### Exercise directions
Give back the line below containing "公寓 中式 餐厅图片来自紫禁尚品国际装饰小孔在中式风格泛海国际案例的分享" and every later line, exactly.

Given data Start Marker

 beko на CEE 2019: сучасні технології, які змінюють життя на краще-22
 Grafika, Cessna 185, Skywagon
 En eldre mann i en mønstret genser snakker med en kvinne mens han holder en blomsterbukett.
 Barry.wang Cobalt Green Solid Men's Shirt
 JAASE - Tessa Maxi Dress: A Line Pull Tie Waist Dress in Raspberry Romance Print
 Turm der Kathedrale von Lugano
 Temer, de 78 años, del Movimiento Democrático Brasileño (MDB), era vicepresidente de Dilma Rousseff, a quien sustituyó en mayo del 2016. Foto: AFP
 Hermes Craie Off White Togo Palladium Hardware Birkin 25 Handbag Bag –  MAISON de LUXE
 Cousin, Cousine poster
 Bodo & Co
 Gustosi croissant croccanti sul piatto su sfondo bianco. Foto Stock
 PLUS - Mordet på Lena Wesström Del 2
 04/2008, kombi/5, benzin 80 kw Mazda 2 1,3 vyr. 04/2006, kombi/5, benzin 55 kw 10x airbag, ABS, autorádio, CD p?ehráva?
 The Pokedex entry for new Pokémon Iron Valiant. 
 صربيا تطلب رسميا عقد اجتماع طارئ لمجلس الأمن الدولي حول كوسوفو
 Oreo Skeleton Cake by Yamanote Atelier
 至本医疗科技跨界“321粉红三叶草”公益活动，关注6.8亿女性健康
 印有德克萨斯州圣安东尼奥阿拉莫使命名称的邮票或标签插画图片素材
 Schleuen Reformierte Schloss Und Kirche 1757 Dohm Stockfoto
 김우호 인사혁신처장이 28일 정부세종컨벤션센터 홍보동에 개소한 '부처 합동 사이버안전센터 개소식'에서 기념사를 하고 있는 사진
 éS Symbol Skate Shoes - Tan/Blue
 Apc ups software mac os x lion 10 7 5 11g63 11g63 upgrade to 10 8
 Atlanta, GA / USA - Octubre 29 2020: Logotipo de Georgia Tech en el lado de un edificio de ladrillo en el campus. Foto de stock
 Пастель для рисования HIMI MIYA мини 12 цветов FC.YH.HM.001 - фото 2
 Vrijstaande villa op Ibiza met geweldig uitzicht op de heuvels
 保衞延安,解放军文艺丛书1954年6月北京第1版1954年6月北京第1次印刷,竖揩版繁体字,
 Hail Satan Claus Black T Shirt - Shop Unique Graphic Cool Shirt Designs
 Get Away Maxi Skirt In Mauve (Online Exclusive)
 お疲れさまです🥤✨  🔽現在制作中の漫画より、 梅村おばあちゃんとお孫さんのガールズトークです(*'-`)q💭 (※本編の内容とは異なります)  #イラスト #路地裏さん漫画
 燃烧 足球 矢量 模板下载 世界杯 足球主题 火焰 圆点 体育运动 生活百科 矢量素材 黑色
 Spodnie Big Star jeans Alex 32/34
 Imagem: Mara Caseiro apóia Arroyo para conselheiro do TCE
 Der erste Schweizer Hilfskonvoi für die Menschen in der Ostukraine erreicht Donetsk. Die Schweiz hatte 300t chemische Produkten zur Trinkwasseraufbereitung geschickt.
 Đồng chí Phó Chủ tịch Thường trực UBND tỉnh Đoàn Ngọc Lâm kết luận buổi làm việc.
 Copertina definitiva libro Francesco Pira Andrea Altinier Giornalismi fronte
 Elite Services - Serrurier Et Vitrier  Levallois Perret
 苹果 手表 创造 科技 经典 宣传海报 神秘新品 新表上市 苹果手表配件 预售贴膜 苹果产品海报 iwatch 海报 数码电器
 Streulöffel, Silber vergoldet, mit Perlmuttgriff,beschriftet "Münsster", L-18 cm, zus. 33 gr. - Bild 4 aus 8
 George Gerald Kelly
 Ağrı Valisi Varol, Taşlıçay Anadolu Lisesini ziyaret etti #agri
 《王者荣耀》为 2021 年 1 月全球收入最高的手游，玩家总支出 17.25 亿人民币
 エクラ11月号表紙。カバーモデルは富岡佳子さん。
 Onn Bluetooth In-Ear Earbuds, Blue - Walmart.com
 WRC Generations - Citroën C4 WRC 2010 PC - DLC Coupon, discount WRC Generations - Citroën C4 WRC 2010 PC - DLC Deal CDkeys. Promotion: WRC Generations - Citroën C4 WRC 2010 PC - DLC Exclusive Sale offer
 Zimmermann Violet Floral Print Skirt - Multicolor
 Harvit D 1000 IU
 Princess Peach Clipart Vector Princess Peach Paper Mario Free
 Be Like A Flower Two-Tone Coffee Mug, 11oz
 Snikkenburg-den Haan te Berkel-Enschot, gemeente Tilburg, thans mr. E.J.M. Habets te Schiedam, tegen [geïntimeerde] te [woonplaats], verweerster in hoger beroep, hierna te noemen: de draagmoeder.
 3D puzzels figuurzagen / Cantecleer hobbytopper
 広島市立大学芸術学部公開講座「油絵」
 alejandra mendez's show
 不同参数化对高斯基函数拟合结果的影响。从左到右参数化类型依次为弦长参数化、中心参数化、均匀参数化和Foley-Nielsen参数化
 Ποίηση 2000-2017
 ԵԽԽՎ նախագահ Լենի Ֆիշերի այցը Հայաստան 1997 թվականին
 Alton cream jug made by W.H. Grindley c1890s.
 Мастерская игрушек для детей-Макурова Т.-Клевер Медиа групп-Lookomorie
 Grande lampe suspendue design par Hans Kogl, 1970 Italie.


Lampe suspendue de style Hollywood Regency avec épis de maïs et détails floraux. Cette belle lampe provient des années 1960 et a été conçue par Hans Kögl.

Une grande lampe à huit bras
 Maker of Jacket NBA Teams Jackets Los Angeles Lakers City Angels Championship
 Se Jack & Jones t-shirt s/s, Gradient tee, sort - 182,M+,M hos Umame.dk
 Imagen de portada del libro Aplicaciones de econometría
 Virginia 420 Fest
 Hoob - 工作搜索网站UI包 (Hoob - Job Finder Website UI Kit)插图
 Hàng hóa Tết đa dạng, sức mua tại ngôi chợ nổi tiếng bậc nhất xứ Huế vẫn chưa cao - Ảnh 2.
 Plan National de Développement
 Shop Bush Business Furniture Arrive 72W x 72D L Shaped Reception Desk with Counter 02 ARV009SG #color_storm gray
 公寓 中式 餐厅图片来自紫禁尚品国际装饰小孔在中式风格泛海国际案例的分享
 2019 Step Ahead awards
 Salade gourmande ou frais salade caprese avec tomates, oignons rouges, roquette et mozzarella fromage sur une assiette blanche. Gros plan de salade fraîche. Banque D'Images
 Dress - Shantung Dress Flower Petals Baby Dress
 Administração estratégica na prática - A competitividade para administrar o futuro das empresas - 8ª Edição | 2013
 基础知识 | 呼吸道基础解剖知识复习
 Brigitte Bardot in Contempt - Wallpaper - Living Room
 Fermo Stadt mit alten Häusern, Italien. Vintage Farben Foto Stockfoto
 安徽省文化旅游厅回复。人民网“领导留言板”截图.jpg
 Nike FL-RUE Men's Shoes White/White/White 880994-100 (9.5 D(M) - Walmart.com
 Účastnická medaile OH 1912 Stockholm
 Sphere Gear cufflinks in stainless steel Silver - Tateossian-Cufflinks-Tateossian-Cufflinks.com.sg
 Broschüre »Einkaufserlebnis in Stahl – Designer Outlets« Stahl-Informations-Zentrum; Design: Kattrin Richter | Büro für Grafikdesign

Given data End Marker

### Exercise output
 公寓 中式 餐厅图片来自紫禁尚品国际装饰小孔在中式风格泛海国际案例的分享
 2019 Step Ahead awards
 Salade gourmande ou frais salade caprese avec tomates, oignons rouges, roquette et mozzarella fromage sur une assiette blanche. Gros plan de salade fraîche. Banque D'Images
 Dress - Shantung Dress Flower Petals Baby Dress
 Administração estratégica na prática - A competitividade para administrar o futuro das empresas - 8ª Edição | 2013
 基础知识 | 呼吸道基础解剖知识复习
 Brigitte Bardot in Contempt - Wallpaper - Living Room
 Fermo Stadt mit alten Häusern, Italien. Vintage Farben Foto Stockfoto
 安徽省文化旅游厅回复。人民网“领导留言板”截图.jpg
 Nike FL-RUE Men's Shoes White/White/White 880994-100 (9.5 D(M) - Walmart.com
 Účastnická medaile OH 1912 Stockholm
 Sphere Gear cufflinks in stainless steel Silver - Tateossian-Cufflinks-Tateossian-Cufflinks.com.sg
 Broschüre »Einkaufserlebnis in Stahl – Designer Outlets« Stahl-Informations-Zentrum; Design: Kattrin Richter | Büro für Grafikdesign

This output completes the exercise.